Le siège de la CECAZ, situé à l’Arenas à Nice, a été inauguré en 1991 — Photo : Olivia Oreggia

Lumia c’est son nom, sera ainsi doté de tout ce qui peut l’être ou presque en matière de transition énergétique : système de récupération des eaux grises pour l’entretien des espaces paysagers (jusqu’à 11 litres par jour), panneaux photovoltaïques sur le toit, raccordement au réseau Haliotis 2, en construction, qui approvisionnera le quartier en énergie géothermique… Le projet doit être certifié BREAM Very good.

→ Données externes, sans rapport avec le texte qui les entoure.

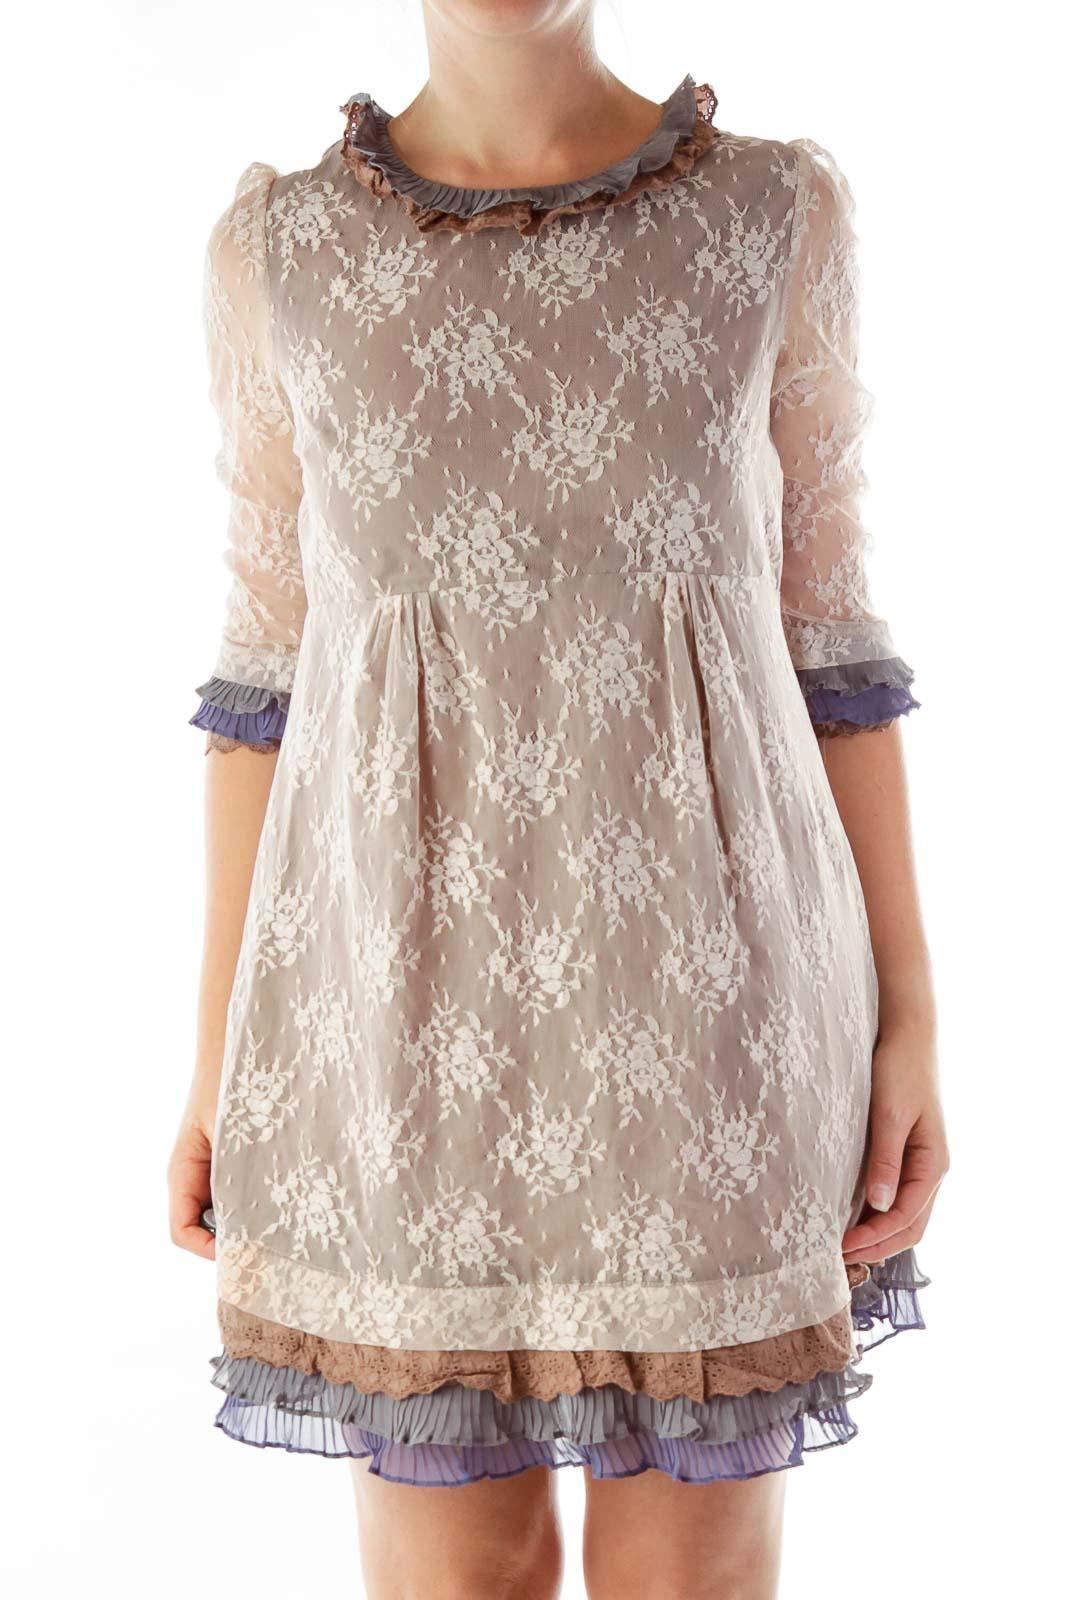 8d71eebd1b Shop Trinity clothing and handbags at SilkRoll. Trade with us!
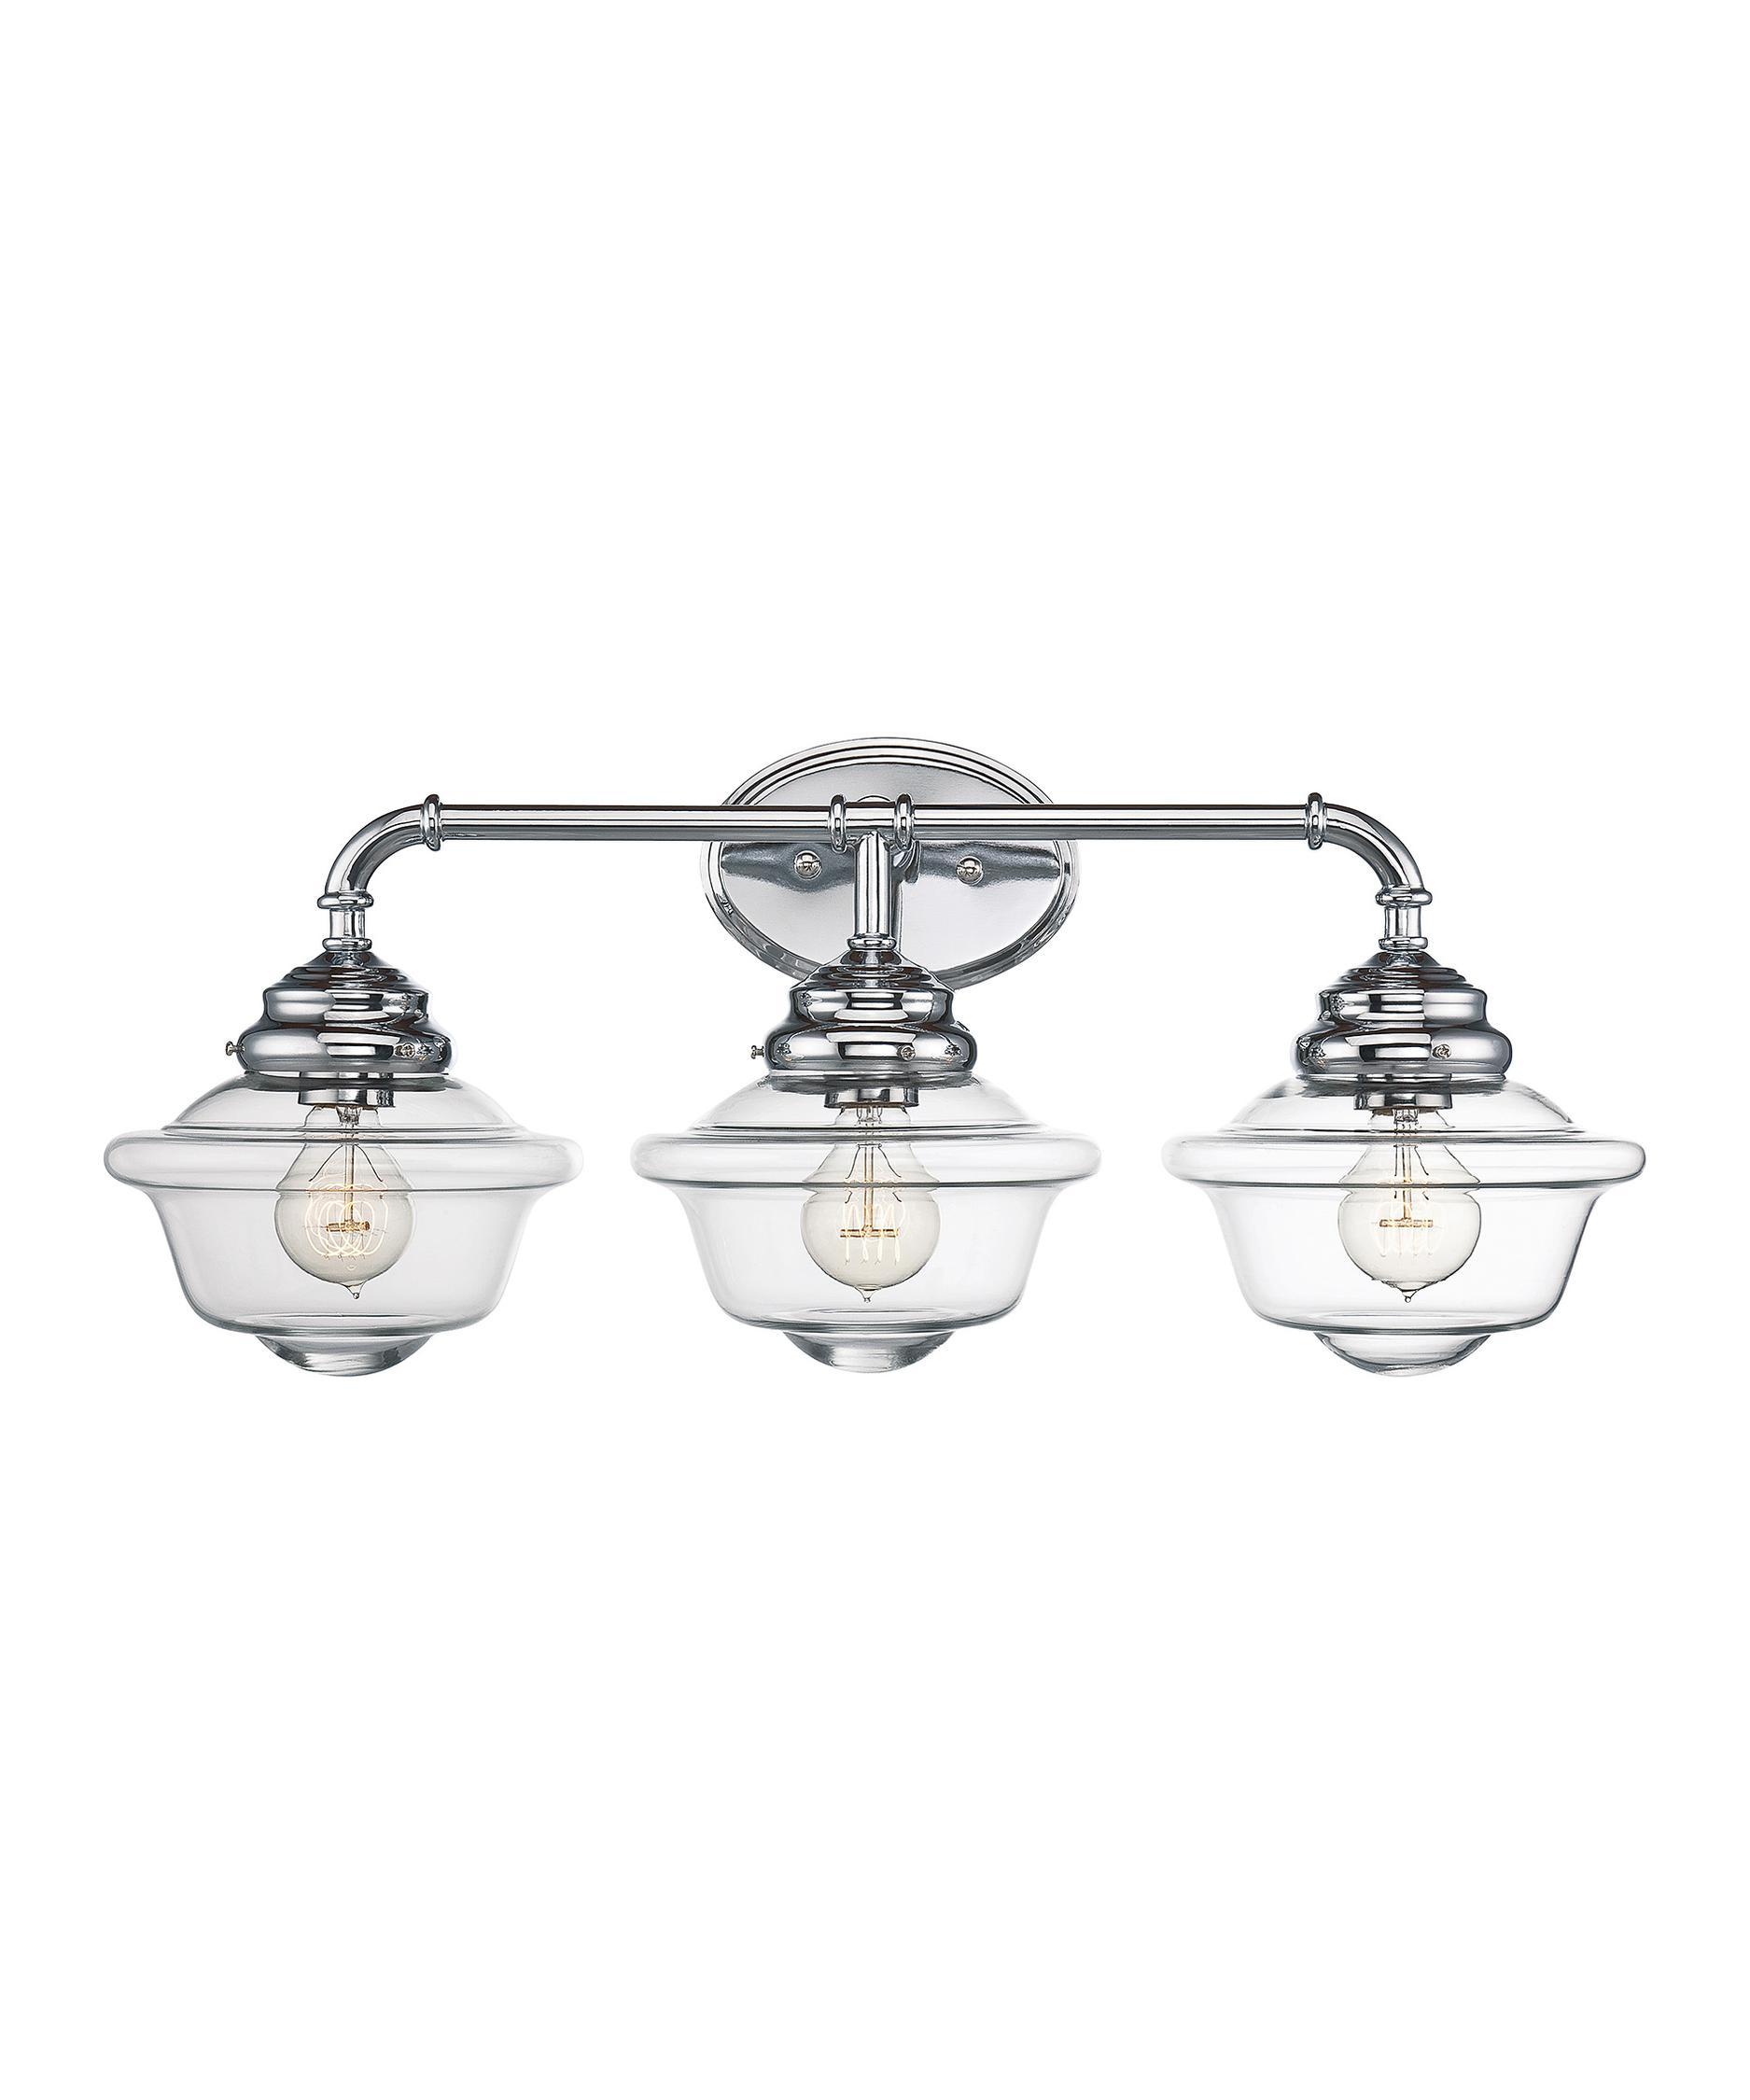 Savoy House 8 393 3 Fairfield 26 Inch Bath Vanity Light

Rudy Ricciotti et des brise-soleil en béton

À la baguette pour rhabiller ces 10 000 m2 de surface plancher, Rudy Ricciotti. L’architecte varois est notamment connu pour avoir signé le Mucem à Marseille. On lui doit aussi le multiplex Cineum à Cannes, le musée Jean Cocteau à Menton ou encore le siège d’Iter à Cadarache. Là encore, il a opté pour du béton, un béton fibré ultra haute performance (BFUP) qui composera les 1 400 brise-soleil de la façade, qui seront quant à eux fabriqués dans la Drôme.

Le lancement des travaux de la CECAZ s’est fait en présence de Rudy Ricciotti, architecte, Claude Valade, président du directoire de la Caisse d’Épargne Côte d’Azur, Christian Estrosi, maire de Nice, Françoise Lemalle, présidente du conseil de surveillance et d’orientation de la CECAZ, et Philippe Pradal, vice-président délégué aux Finances de la Métropole Nice Côte d’Azur — Photo : Olivia Oreggia

"Nous n’avons pas martyrisé le bâtiment, on le désosse, on fait tout ce qu’on peut pour recycler, éviter de gaspiller, précise Rudy Ricciotti. Et ces brise-soleil sont une technologie 100 % française. Ce qui me préoccupe dans mes chantiers, c’est de fabriquer français, avec des savoir-faire français, des énergies et des intelligences françaises, même si cela peut vous paraître pornographique, a-t-il ajouté, un brin provocateur, dans son discours. Et je peux vous dire que ce n’est pas cher du tout !".

Un dernier élément qui aura fait sourire Claude Valade et Françoise Lemalle, la présidente du conseil d’orientation et de surveillance de la CECAZ. Le montant de l’investissement est en tout cas resté secret.